“IA” no pretérito imperfeito do indicativo de humanidade

Daniel Machado da conceição

Estamos vivendo um momento extraordinário da breve jornada do Homo sapiens no planeta Terra e como resultado, encaramos as consequências do que está sendo chamado de antropoceno, impactos pelas ações indiscriminadas do ser humano na natureza. Na busca pelo conforto e segurança, realizamos desenvolvimentos tecnológicos que acabam por diminuir o esforço físico e mental para realização de tarefas até mesmo simples do cotidiano. Tal fato nos deixa acomodados nas mais diversas dimensões da vida humana. 

Ambos os processos estão conectados, no segundo caso, permitem a intensificação da nossa produtividade, acelerando o processo e criando uma dependência do “trabalho não vivo”. O exemplo mais recente é a chegada da Inteligência Artificial (IA). É sabido que o impacto da chamada quinta Revolução Industrial será transformadora e duradoura, seus efeitos podem ser comparados com a revolução científica ocorrida na transição do mundo moderno para o contemporâneo. Estamos observando novos questionamentos que tensionam princípios filosóficos, dogmas religiosos e redefinem as interações sociais entre humanos e agora com não-humanos. 

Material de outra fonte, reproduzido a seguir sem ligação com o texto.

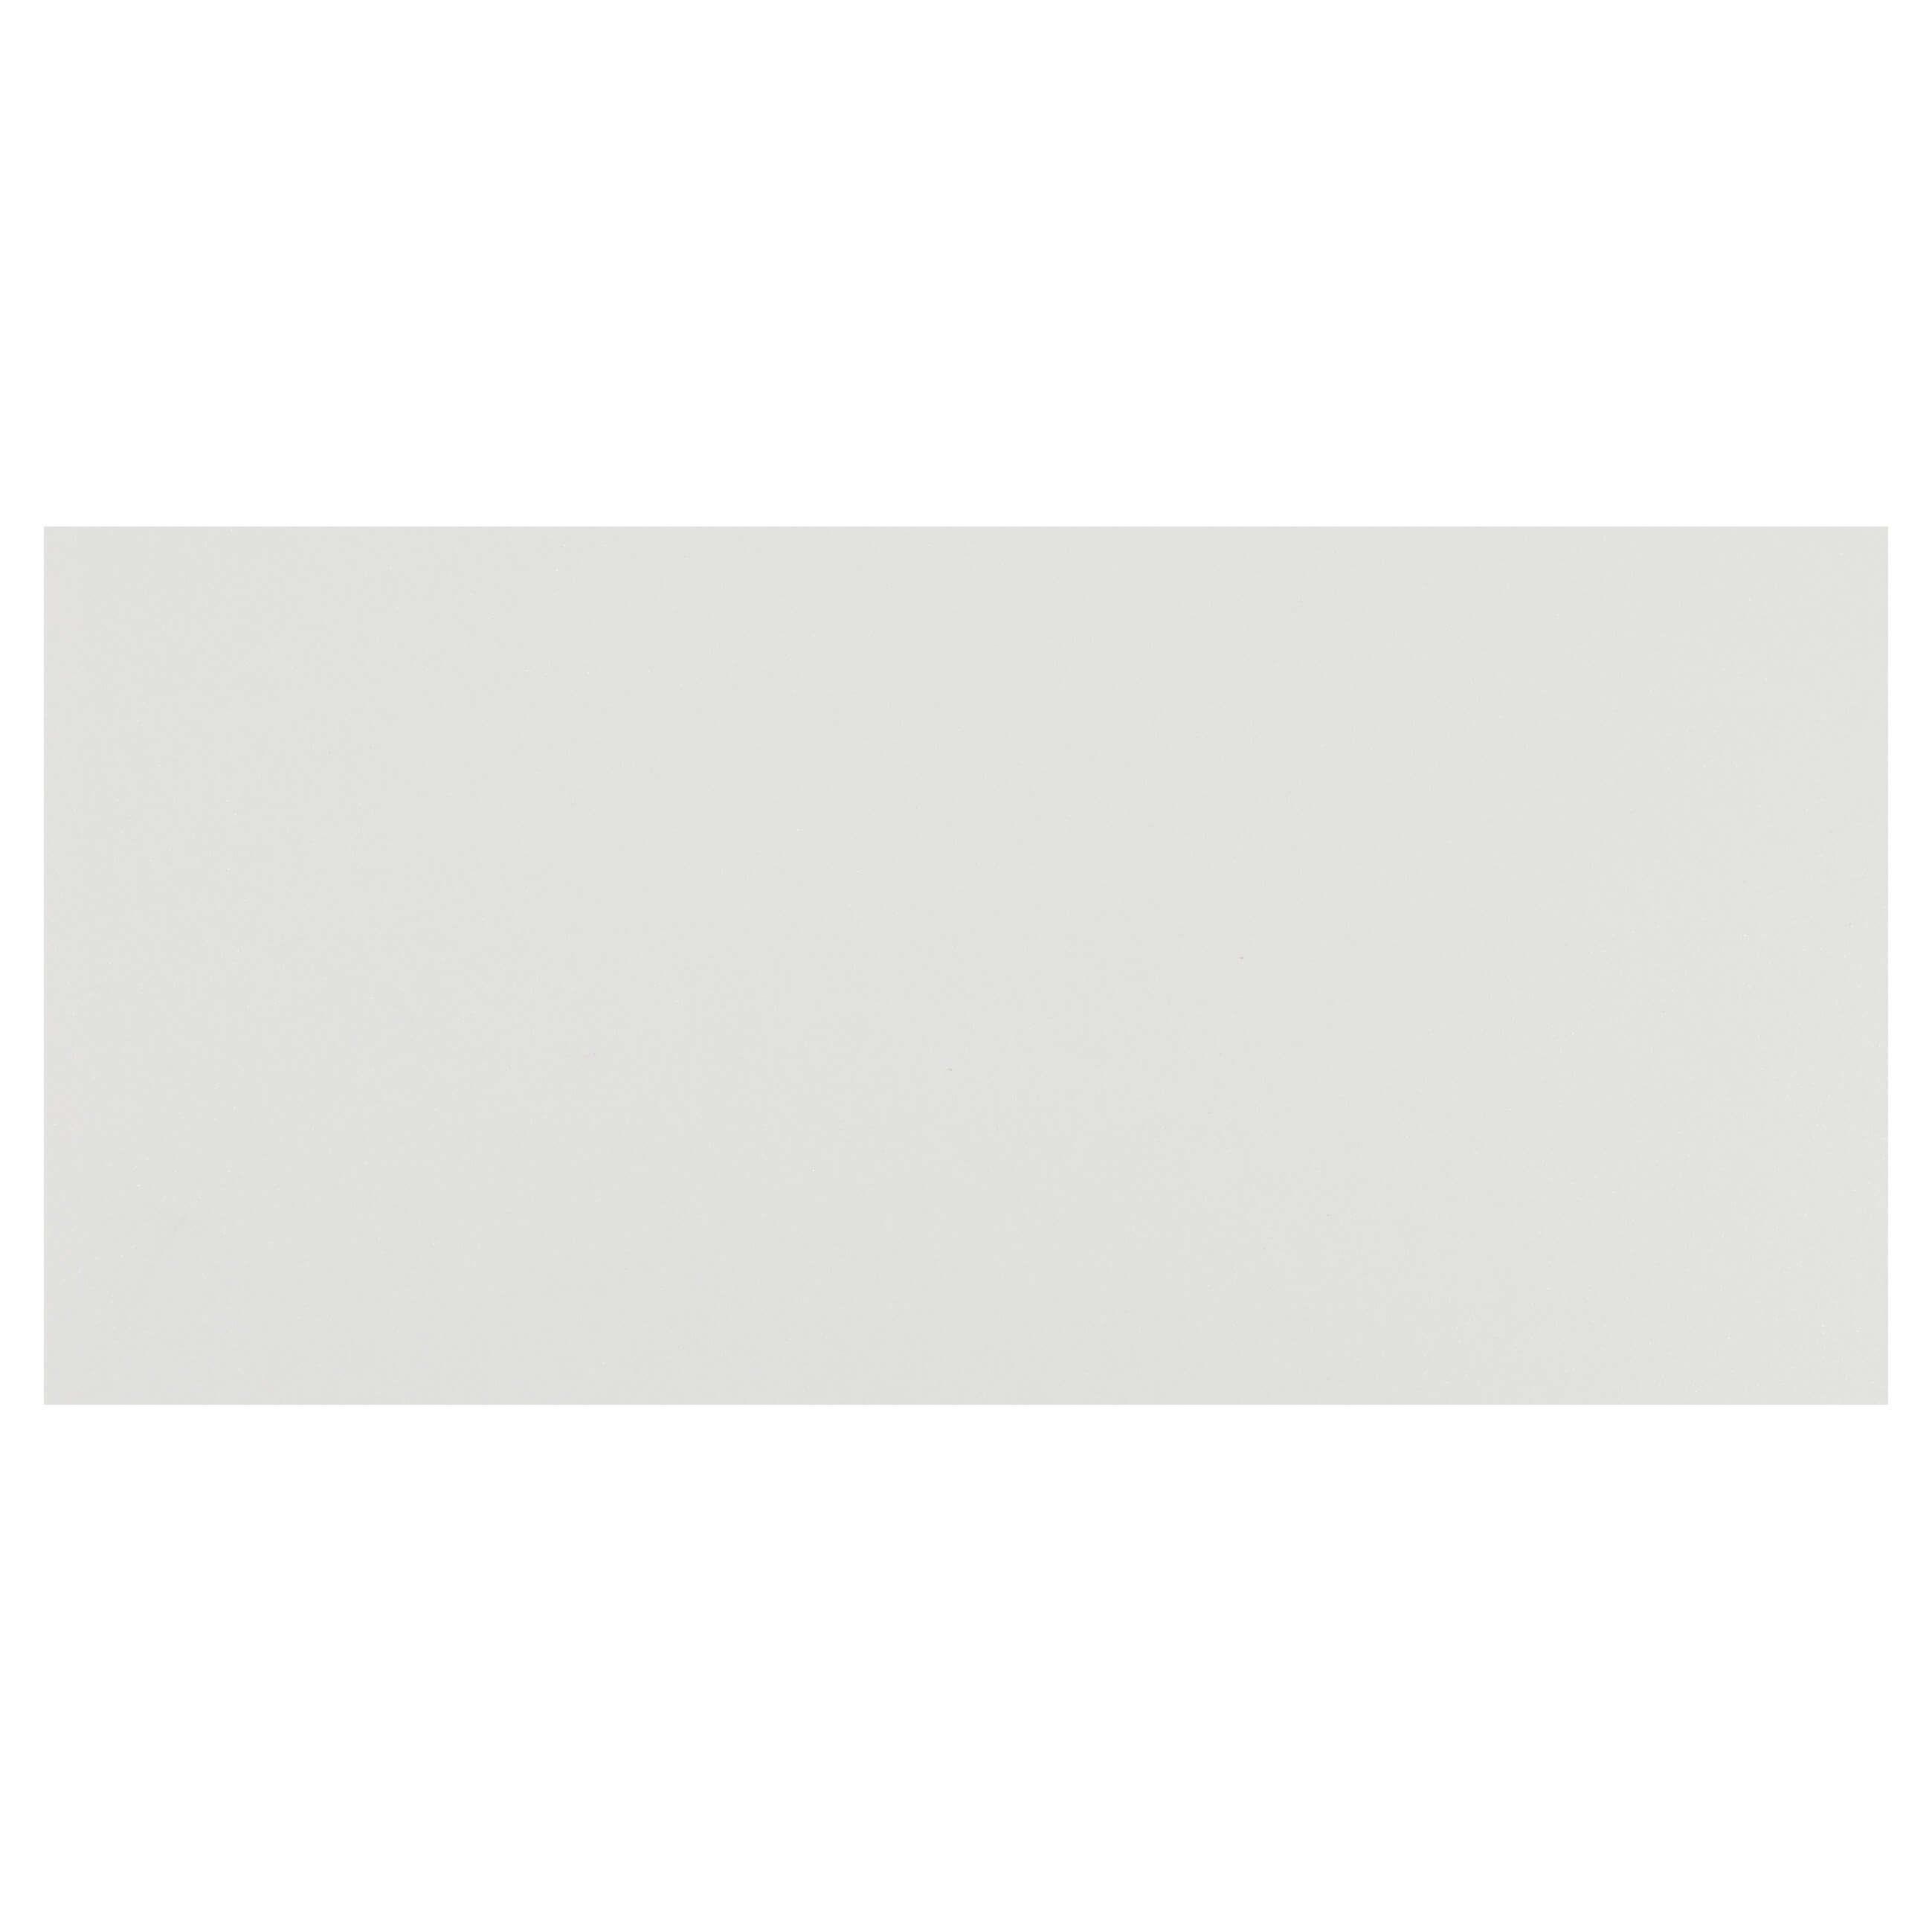 Cardstock DL Base - Ivory Sparkle

Acalorados debates sobre vida e morte, inteligência e consciência, além da capacidade humana autoral, invenção e criação, estão sendo discutidos a partir de novas premissas e atributos que anteriormente nunca estiveram postos.

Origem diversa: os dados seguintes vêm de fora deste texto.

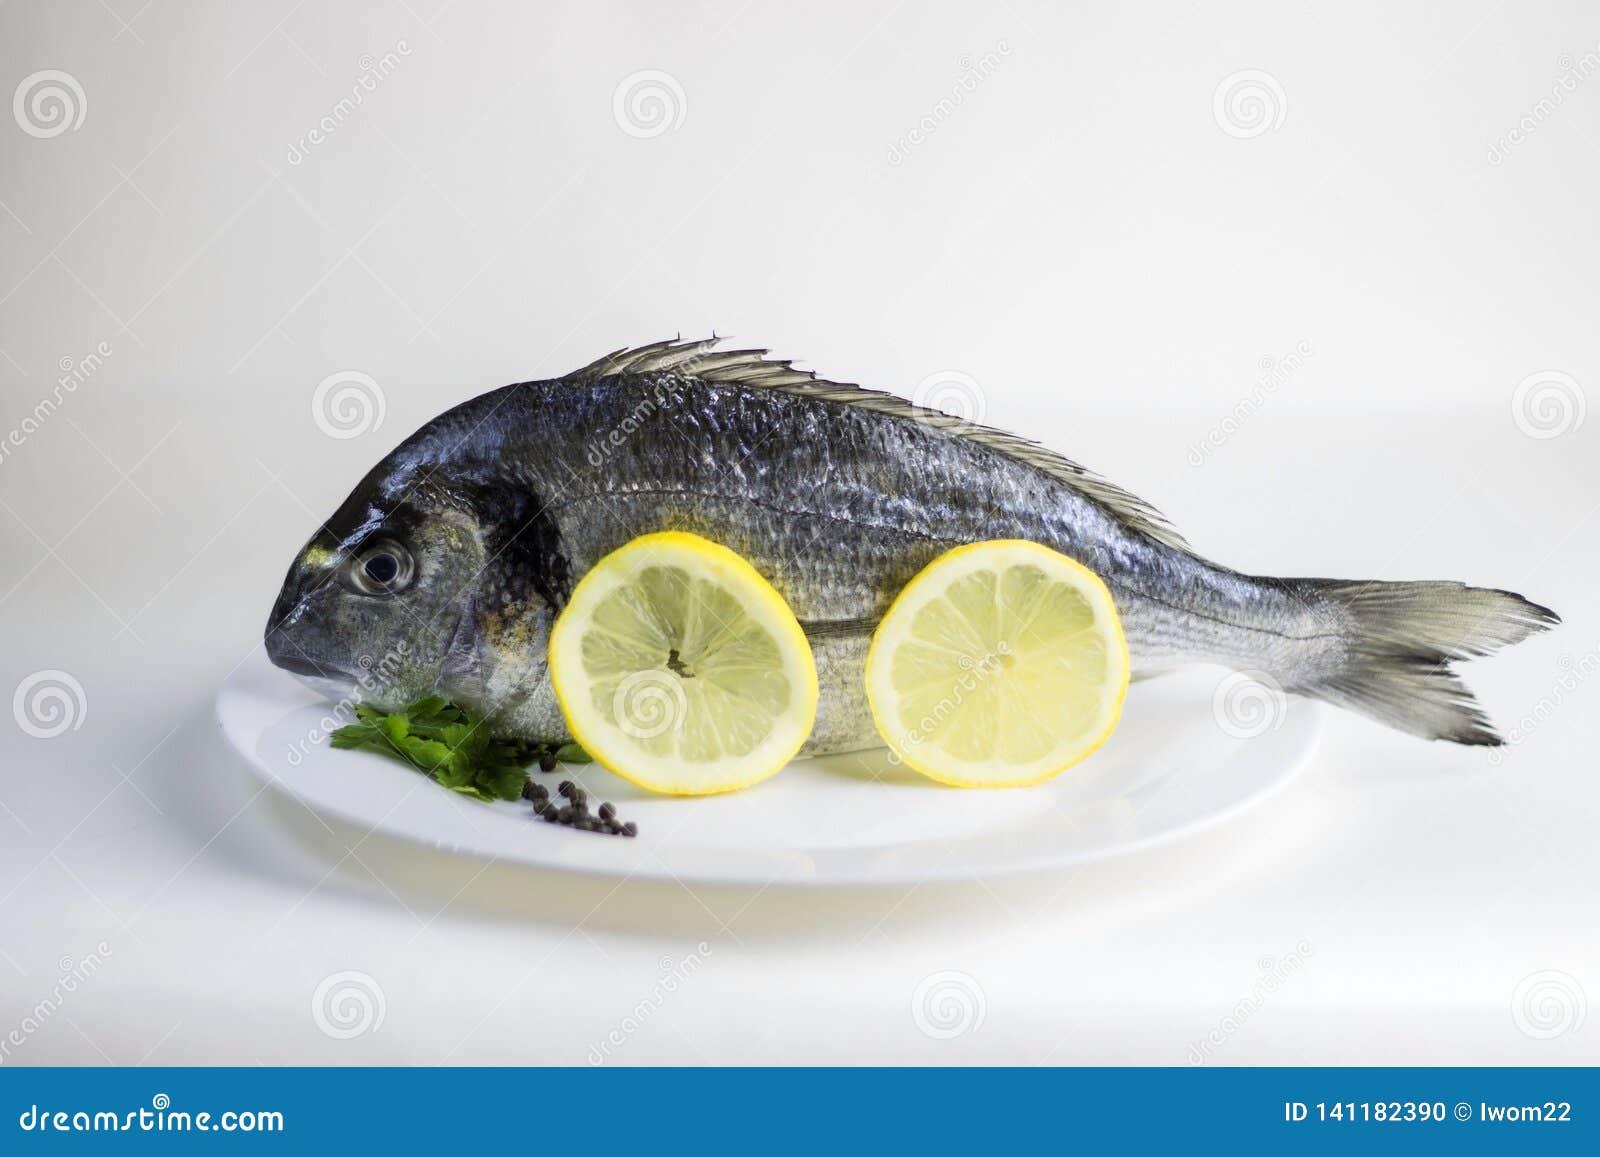 Ny, rå okokt hel doradofisk eller havsbraxen

Surpreende observar a velocidade do desenvolvimento tecnológico e como cada vez mais suscita dúvidas sobre o que é realidade (real) e o que é trabalho não vivo (artificial). Na última semana, o lançamento de uma atualização da IA Flow(1), Veo 3 do Google, ferramenta para geração de vídeo, tensiona a linha entre o real e o artificial. A recente atualização para produção de vídeos por meio da inteligência artificial são estarrecedoras e fantásticas. 

A chamada realidade aumentada está confundindo as pessoas que assistem aos vídeos e aceitam com naturalidade, se emocionam com a expressividade dos personagens artificiais e acabam até mesmo por questionar como que determinado vídeo não é real. Estamos partindo do princípio de que a realidade está dada e duvidamos que aquilo que observamos seja algo não-real. Os incríveis avanços tecnológicos no campo da produção de imagens estão permitindo que artificial (“irreal”) seja aceito como realidade (“real”).

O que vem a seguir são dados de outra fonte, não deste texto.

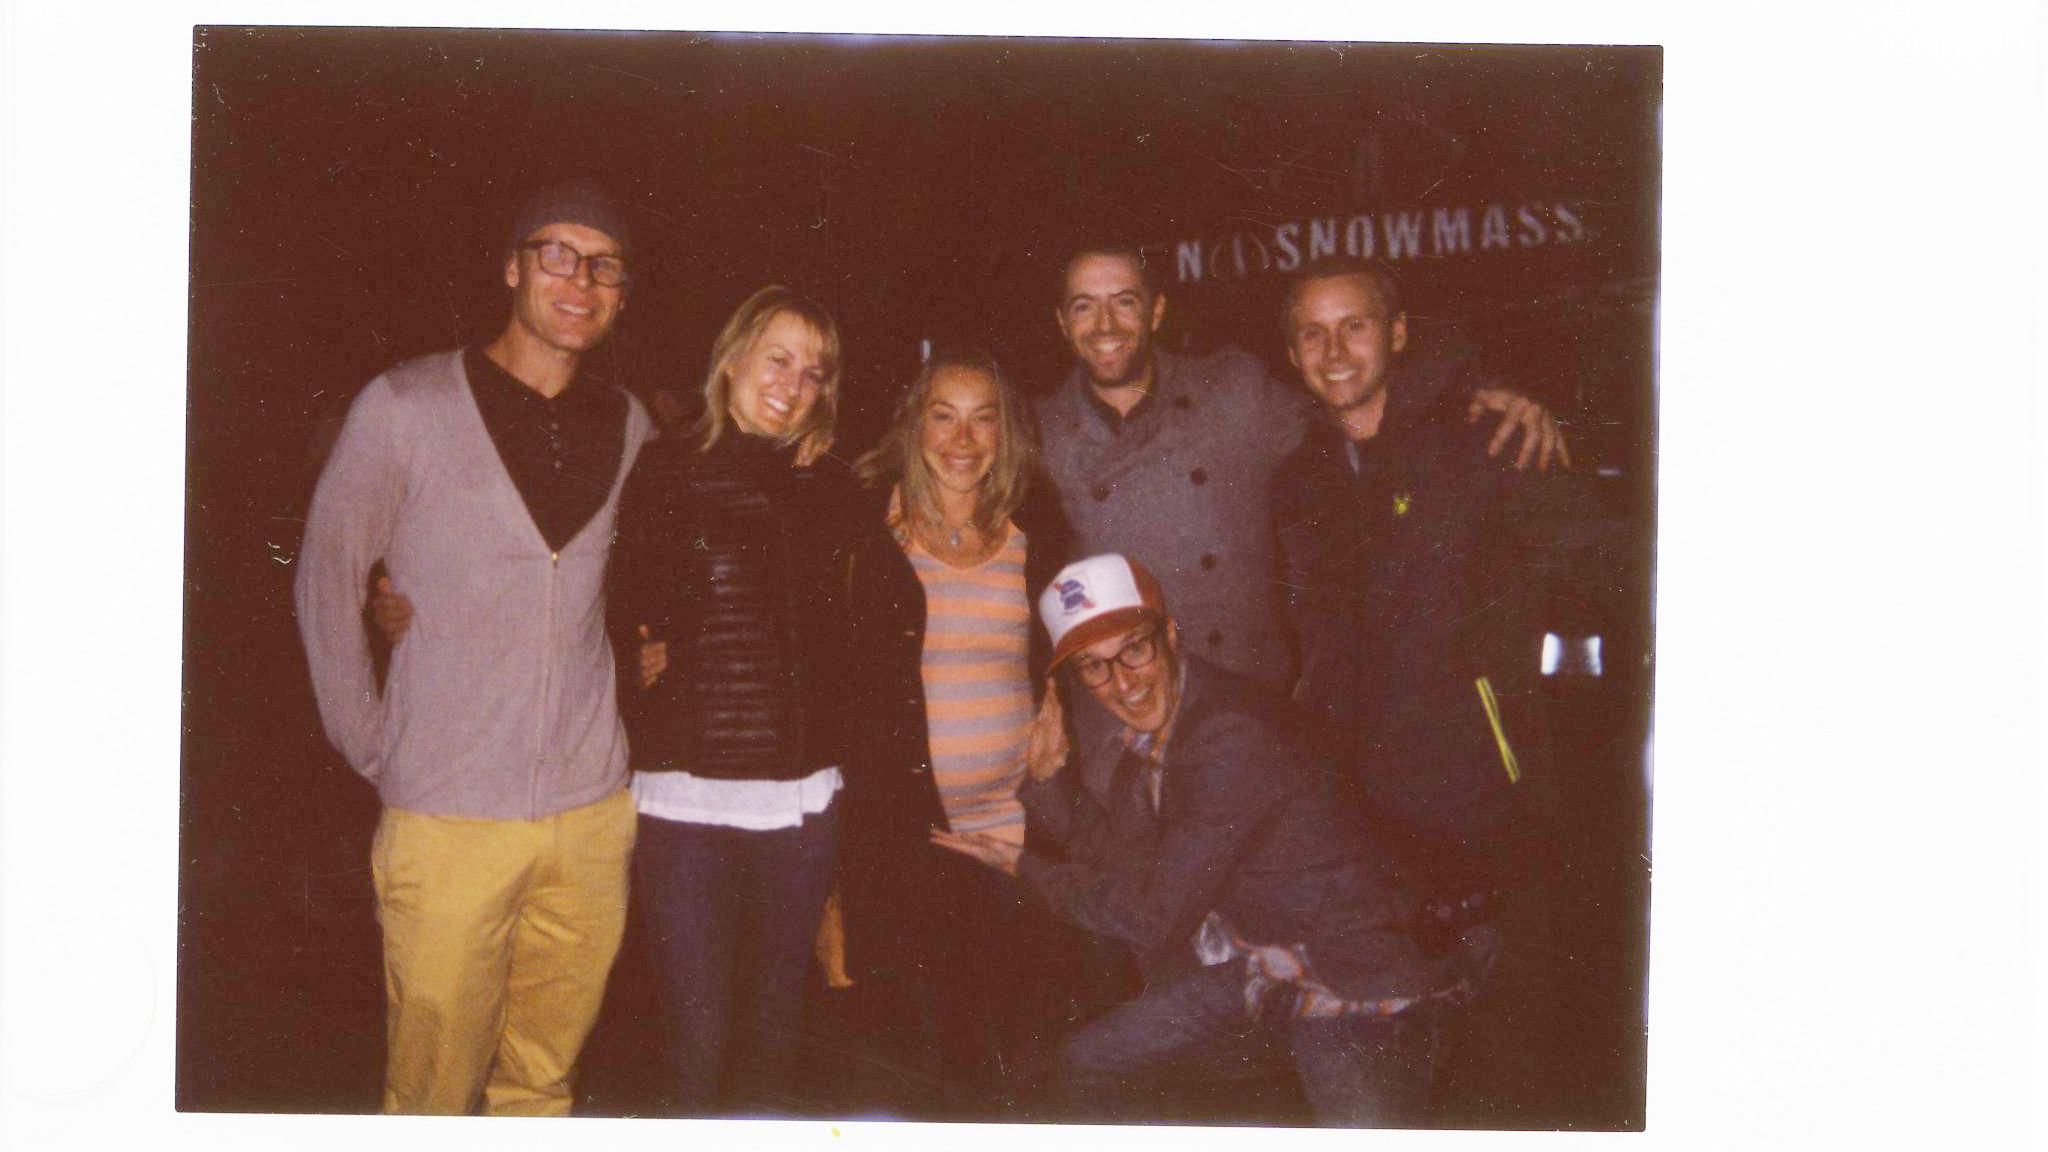 Greg Strokes, Meghan Grabow, Tess Weaver Strokes, Digi Dave Amirault, Jamie Starr

É assustador, pois, algo muito presente na trajetória humana foi o desenvolvimento de ferramentas, que na chamada Revolução Industrial ofereceram um salto que nos permitiu operar máquinas, logo deixamos que a operação fosse autônoma, mas agora atingimos um ponto que estamos nos relacionando com elas, soando como constrangimento para o Homo sapiens

Parece frustrante que, após desencantar o mundo, incentivando que a ciência encontrasse soluções para a vida e os mistérios do mundo, estamos no ponto de criar novos deuses artificiais e encantados que podem interagir com a humanidade. Nossa versão Homo demens está mais propensa a aceitar esse novo mundo, sem questionar os impactos ou consequências, mesmo que acene para própria destruição.

Obviamente, é possível perceber o motivo de se falar tanto sobre inteligência emocional, por aparecer como contraponto à inteligência artificial. Chegamos ao estágio de ser necessário valorizar aquilo que garantiu aos primeiros grupos humanos aumentar sua probabilidade de sobrevivência, apoio mútuo e coletividade, resumindo dar atenção a nossa capacidade de viver junto.

A inteligência emocional na sociedade capitalista aparece como uma habilidade ou competência a ser desenvolvida pelas pessoas que atuam em diversas atividades profissionais e que são exigências no espaço escolar, durante o lazer e no espaço familiar. Esse desejo de valorização do emocional, aquilo que ainda nos diferencia das ferramentas artificiais, é um sinal de que estamos perdendo-a, em um aparente processo de erosão sociocultural.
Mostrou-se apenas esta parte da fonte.